Search code examples
c#gzipstream

Can I get a GZipStream for a file without writing to intermediate temporary storage?


Can I get a GZipStream for a file on disk without writing the entire compressed content to temporary storage? I'm currently using a temporary file on disk in order to avoid possible memory exhaustion using MemoryStream on very large files (this is working fine).

    public void UploadFile(string filename)
    {
        using (var temporaryFileStream = File.Open("tempfile.tmp", FileMode.CreateNew, FileAccess.ReadWrite))
        {   
            using (var fileStream = File.OpenRead(filename))
            using (var compressedStream = new GZipStream(temporaryFileStream, CompressionMode.Compress, true))
            {
                fileStream.CopyTo(compressedStream);
            }

            temporaryFileStream.Position = 0;

            Uploader.Upload(temporaryFileStream);
        }
    }

What I'd like to do is eliminate the temporary storage by creating GZipStream, and have it read from the original file only as the Uploader class requests bytes from it. Is such a thing possible? How might such an implementation be structured?

Note that Upload is a static method with signature static void Upload(Stream stream).

Edit: The full code is here if it's useful. I hope I've included all the relevant context in my sample above however.


Solution

  • Yes, this is possible, but not easily with any of the standard .NET stream classes. When I needed to do something like this, I created a new type of stream.

    It's basically a circular buffer that allows one producer (writer) and one consumer (reader). It's pretty easy to use. Let me whip up an example. In the meantime, you can adapt the example in the article.

    Later: Here's an example that should come close to what you're asking for.

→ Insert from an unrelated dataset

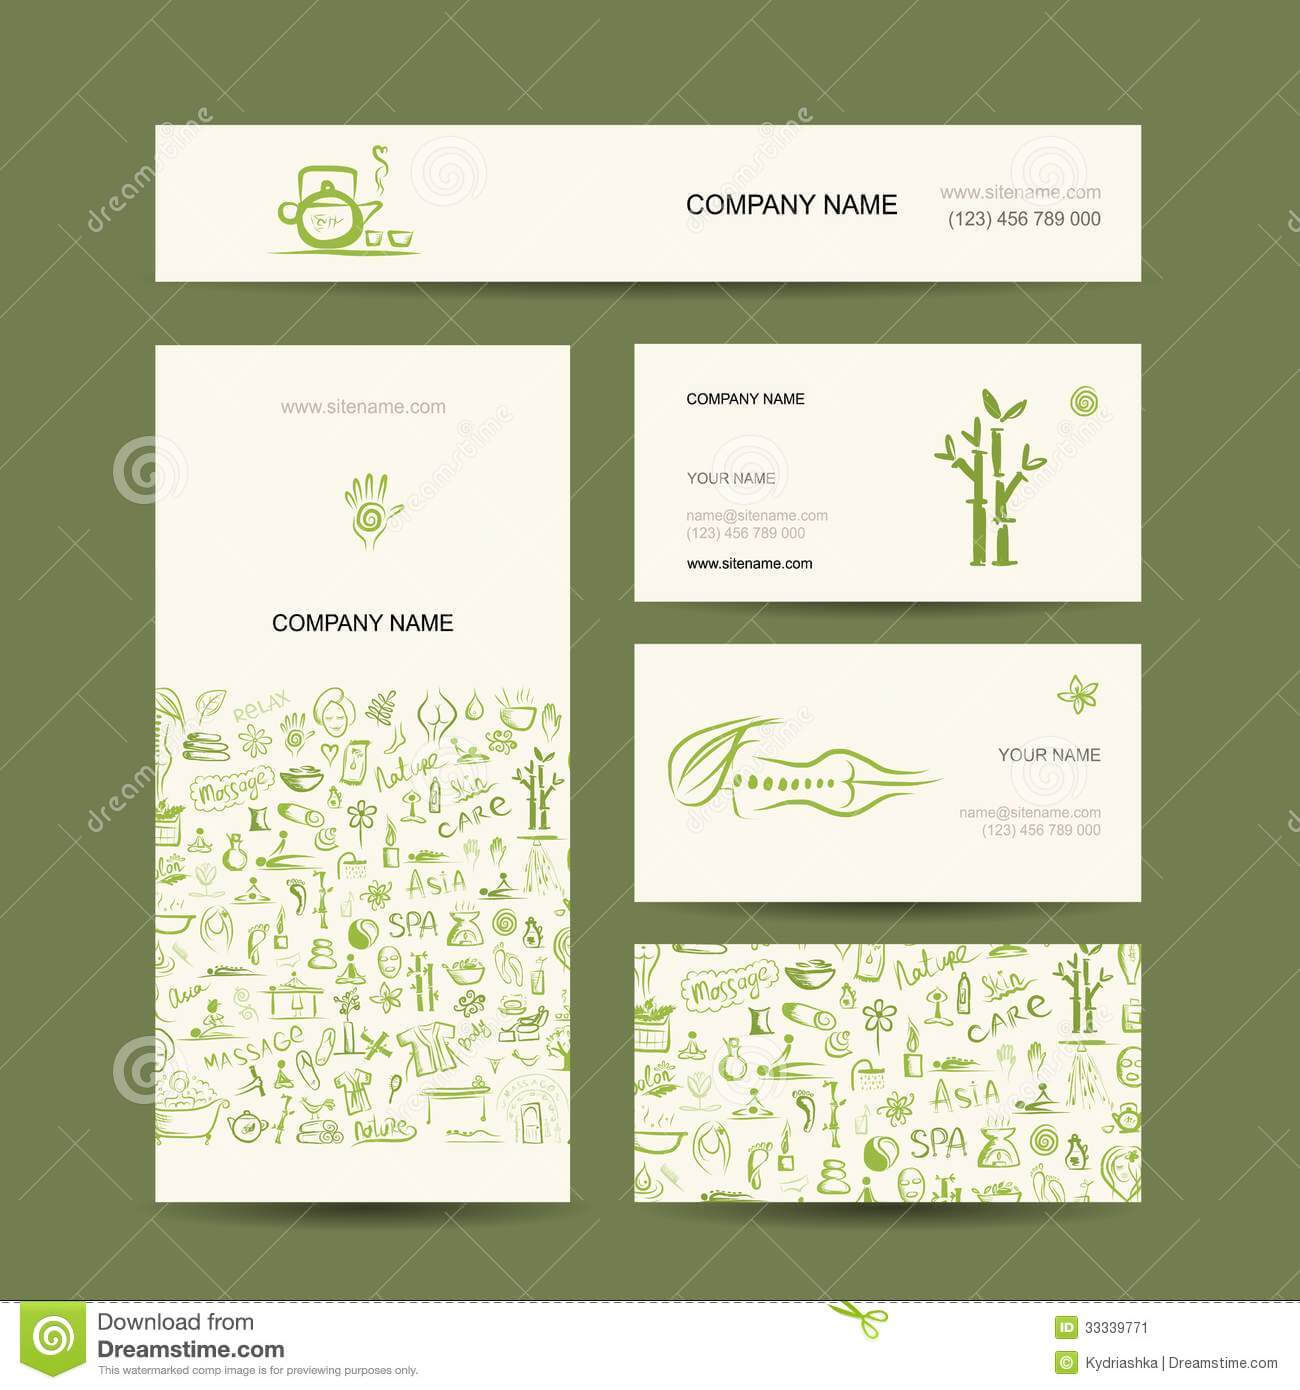 Massage Therapy Business Card Templates Free Sample Cards In Massage Therapy Business Card Templates

    using (var pcStream = new ProducerConsumerStream(BufferSize))
    {
        // start upload in a thread
        var uploadThread = new Thread(UploadThreadProc(pcStream));
        uploadThread.Start();
    
        // Open the input file and attach the gzip stream to the pcStream
        using (var inputFile = File.OpenRead("inputFilename"))
        {
            // create gzip stream
            using (var gz = new GZipStream(pcStream, CompressionMode.Compress, true))
            {
                var bytesRead = 0;
                var buff = new byte[65536]; // 64K buffer
                while ((bytesRead = inputFile.Read(buff, 0, buff.Length)) != 0)
                {
                    gz.Write(buff, 0, bytesRead);
                }
            }
        }
        // The entire file has been compressed and copied to the buffer.
        // Mark the stream as "input complete".
        pcStream.CompleteAdding();
    
        // wait for the upload thread to complete.
        uploadThread.Join();
    
        // It's very important that you don't close the pcStream before
        // the uploader is done!
    }
    

    The upload thread should be pretty simple:

    void UploadThreadProc(object state)
    {
        var pcStream = (ProducerConsumerStream)state;
        Uploader.Upload(pcStream);
    }
    

    You could, of course, put the producer on a background thread and have the upload be done on the main thread. Or have them both on background threads. I'm not familiar with the semantics of your uploader, so I'll leave that decision to you.